Data from Luciana et al. (2009) also showed that response inhibition (Go-No-go task) and working memory (digit span backwards) were related, although with a low magnitude, to ToL performance in a heterogeneous sample of 9- to 20-year-old individuals. After controlling for intelligence quotient (IQ) and age, only working memory contributed to accuracy in ToL performance (number of perfect solutions and planning time × accuracy index), but the authors did not assess a wide range of EFs such as flexibility, selective attention or, again, different subsystems of working memory.

Reviews by Batista, Adda, Miotto, Lucia, and Scaff (2007) and Unterreiner and Owen (2006) corroborated the absence of a consensus with regard to which measures, among memory, working memory, inhibitory control, intelligence, and cognitive flexibility, can best predict ToL performance. Despite the divergence, inhibitory control and working memory tended be the best predictors of ToL performance. These findings are reasonable because the task required in this test depends on establishing a plan of action, keeping it in memory while the movements are sequentially executed and avoiding impulsive movements and prepotent answers. In some cases, momentarily averting the desired solution and achieving it within the rules of the task may be necessary (Asato et al., 2006).

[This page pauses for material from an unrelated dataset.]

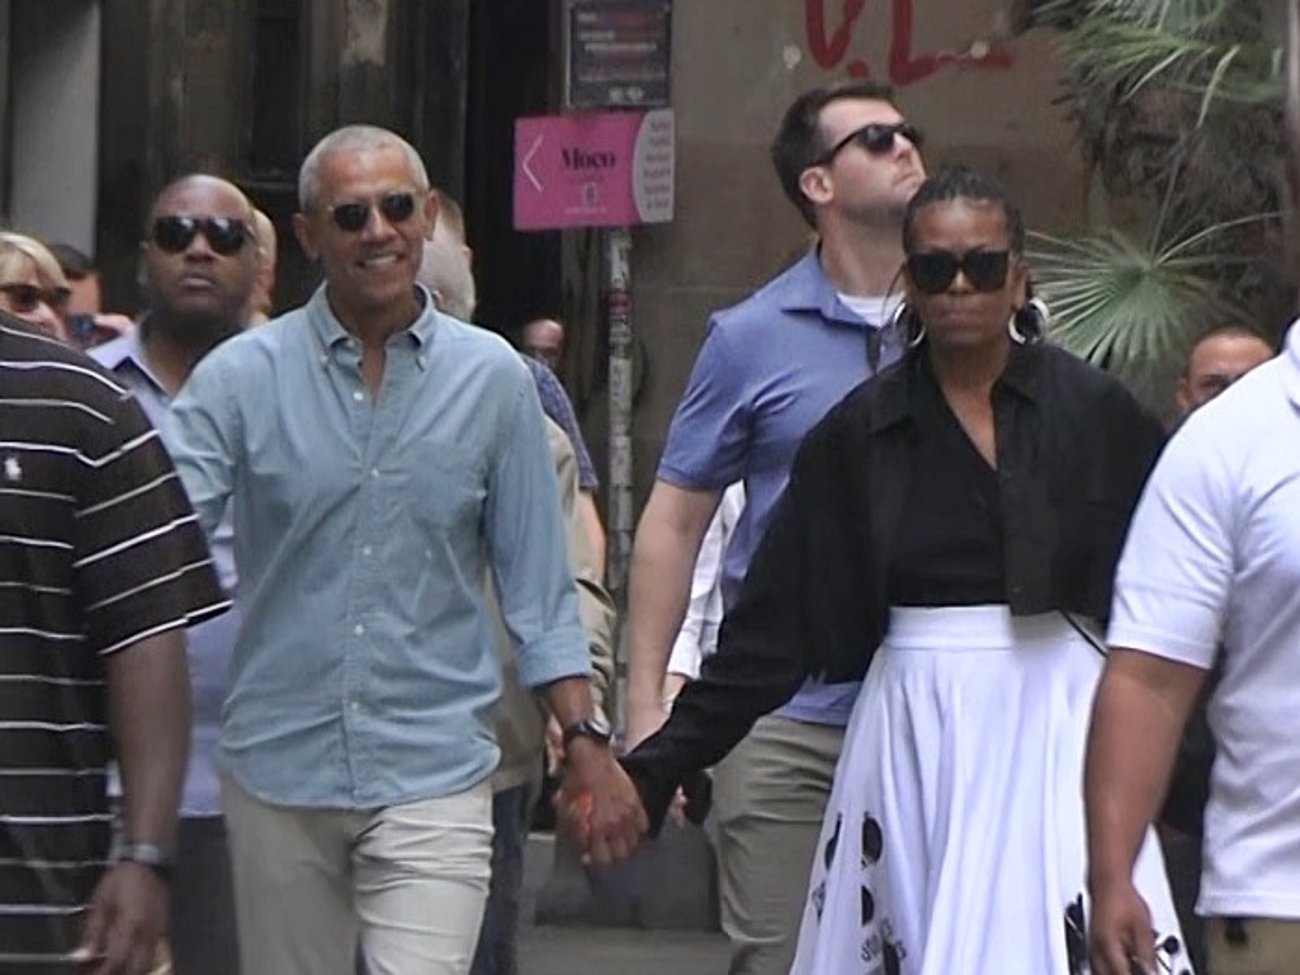 Barack and Michelle Obama: romance in the City of Barcelona

Another nonconsensual aspect described by Unterreiner and Owen (2006) is the fact that the literature does not report any consensus about the effects of the auditory and visuospatial subsystems of working memory on task performance. These authors have highlighted that the divergences noted between the above findings may be attributable to the large number of versions or adaptations of the ToL and differences in the instructions and measurements taken. They also argued for the need to use the original version of the test, thus allowing a more reliable comparison between investigation results. To overcome this problem, the present study used the original ToL version proposed by Shallice and McCarthy and systematically presented by Krikorian et al. (1994).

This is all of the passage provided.